Auf dem Rundgang entlang der Bahnhofstrasse begegnen wir politisch, beruflich und gemeinnützig engagierten Frauen sowie ihren zahlreichen Unternehmungen. Sie gründeten Spitäler und Ausbildungsstätten, behaupteten sich als Unternehmerinnen in der Privatwirtschaft oder waren Pionierinnen gesellschaftlicher Reformen. Mit ihren Projekten stiessen sie in der männerdominierten Gesellschaft des frühen 20. Jahrhunderts oft auf Skepsis und Widerstände. Was ihnen half, sich dennoch durchzusetzen, war ein engmaschiges Beziehungsnetz von Freundinnen und Mitstreiterinnen in Verbänden und Vereinen.
Frauenfreundschaften wurden deshalb wiederholt angefeindet, lächerlich gemacht oder zum Ziel von Verleumdungskampagnen, wie wir am Beispiel der Zürcher Ärztin Caroline Farner und ihrer Lebenspartnerin Anna Pfrunder zeigen.

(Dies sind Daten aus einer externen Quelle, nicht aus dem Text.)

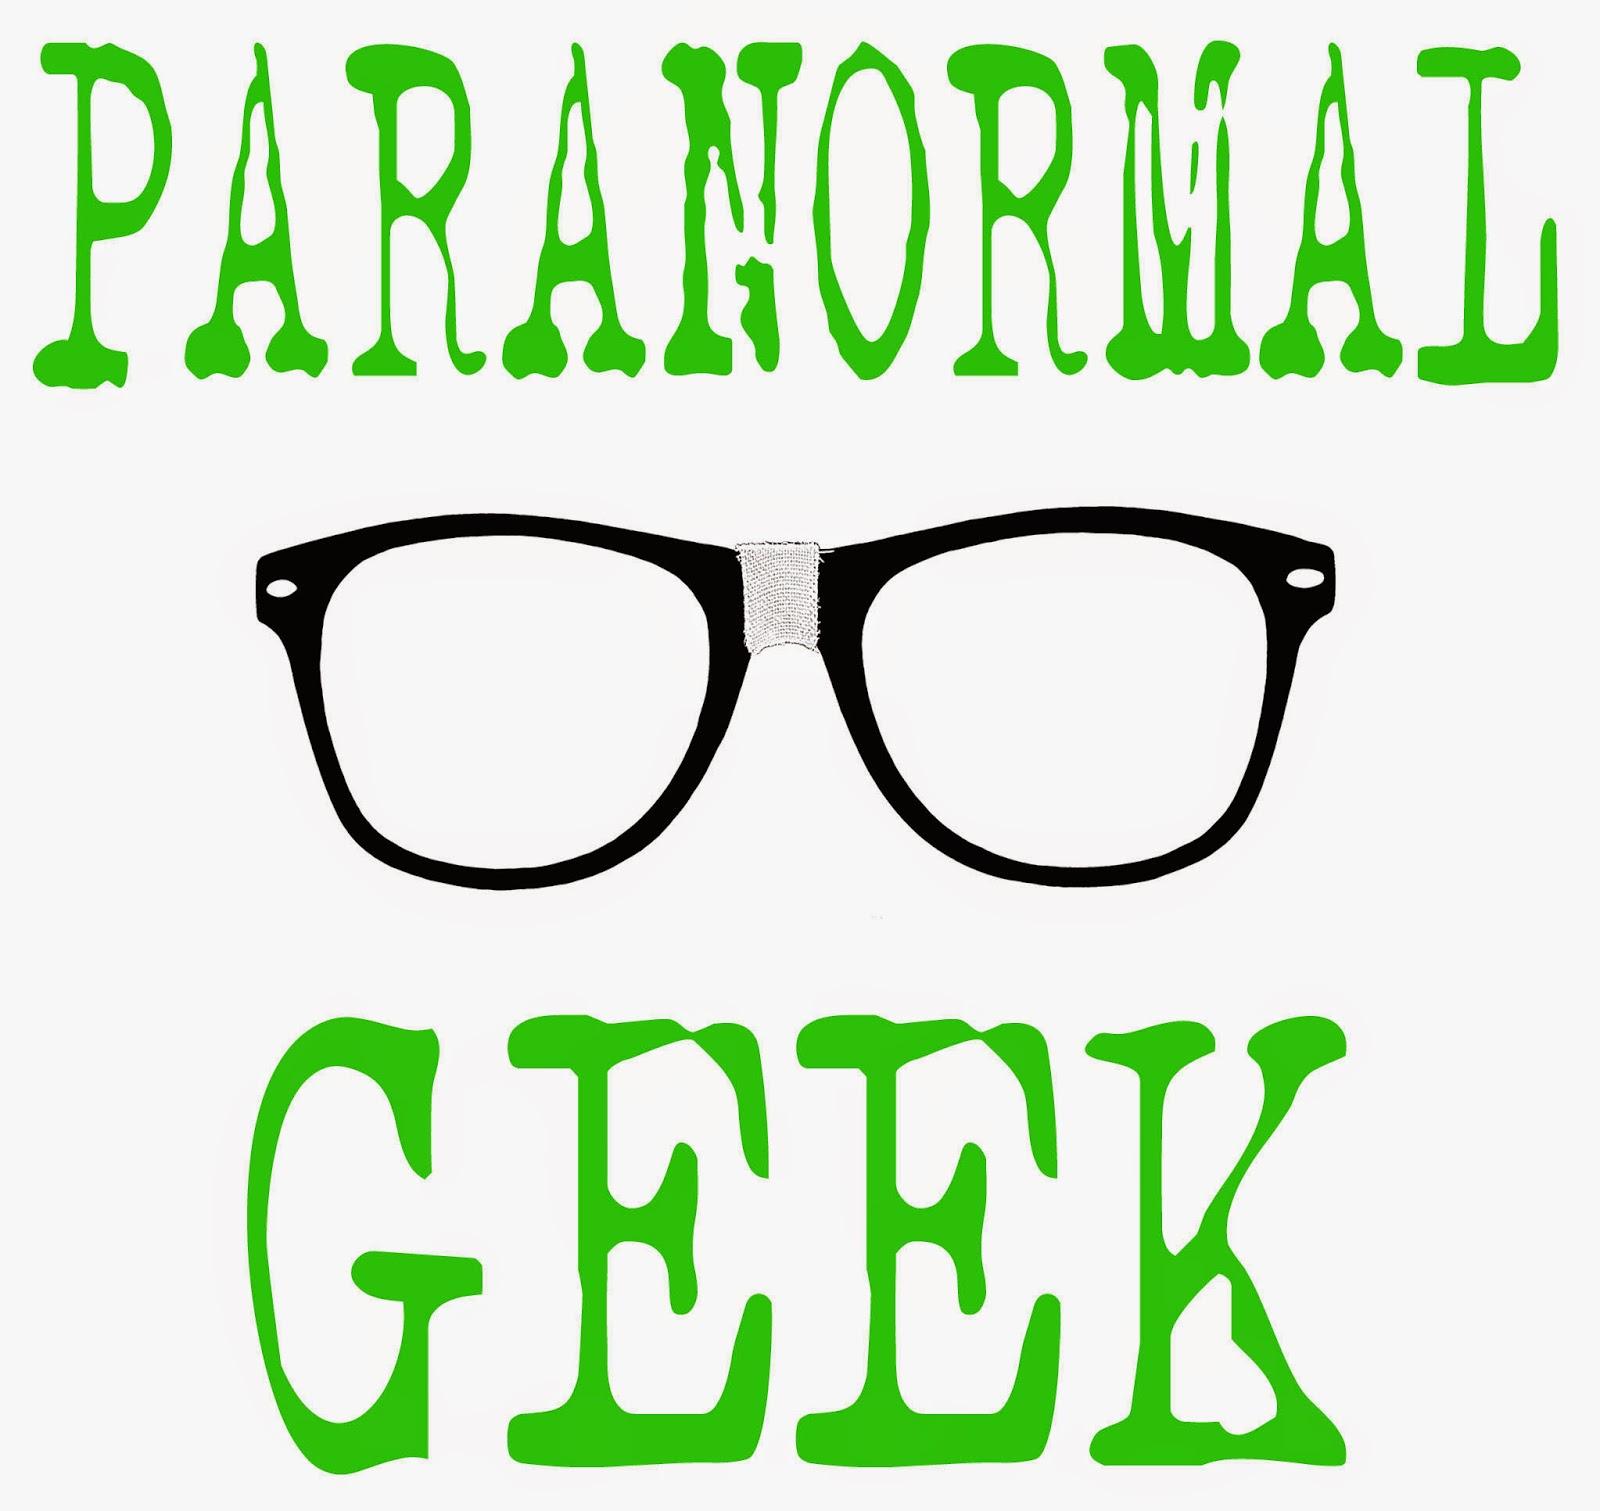 Julie Ferguson Designs: New Paranormal Geek Logos - Attention Earthlings

Wann: Samstag, 9. September
13.30 Uhr (Dauer ca. 1 Std. 30 Min.)
Wo: Treffpunkt am Hauptbahnhof, beim Hauptportal Ausgang Bahnhofstrasse gegenüber Alfred-Escher-Denkmal
ÖV: Bahn bis Zürich
Was: Führung an der Bahnhofstrasse und durch versteckte Innenhöfe durch Linda Christen und Nadja Koch, Historikerinnen
Organisation: Verein Frauenstadtrundgang Zürich

Zürich

Das Stadtpalais Rechberg: barocke Pracht – städtische Macht

Das zwischen 1758 und 1770 errichtete Palais «Rechberg», einst «Krone» genannt, ist der bedeutendste Rokokobau des Kantons Zürich. Die reiche Innenausstattung zeugt vom hohen Anspruch des Ehepaares Werdmüller-Oeri. Seine Geschichte ist eng mit den einflussreichsten Zürcher Familien verbunden. Bereits kurz nach Bauvollendung diente das Palais als repräsentative Lokalität für den Empfang in- und ausländischer Prominenz, darunter die Generäle der Koalitionskriege der österreichische Kaiser Franz I. oder Zar Alexander I. von Russland. Zwischen 2012 und 2014 erfolgte die Gesamtinstandsetzung des Ensembles.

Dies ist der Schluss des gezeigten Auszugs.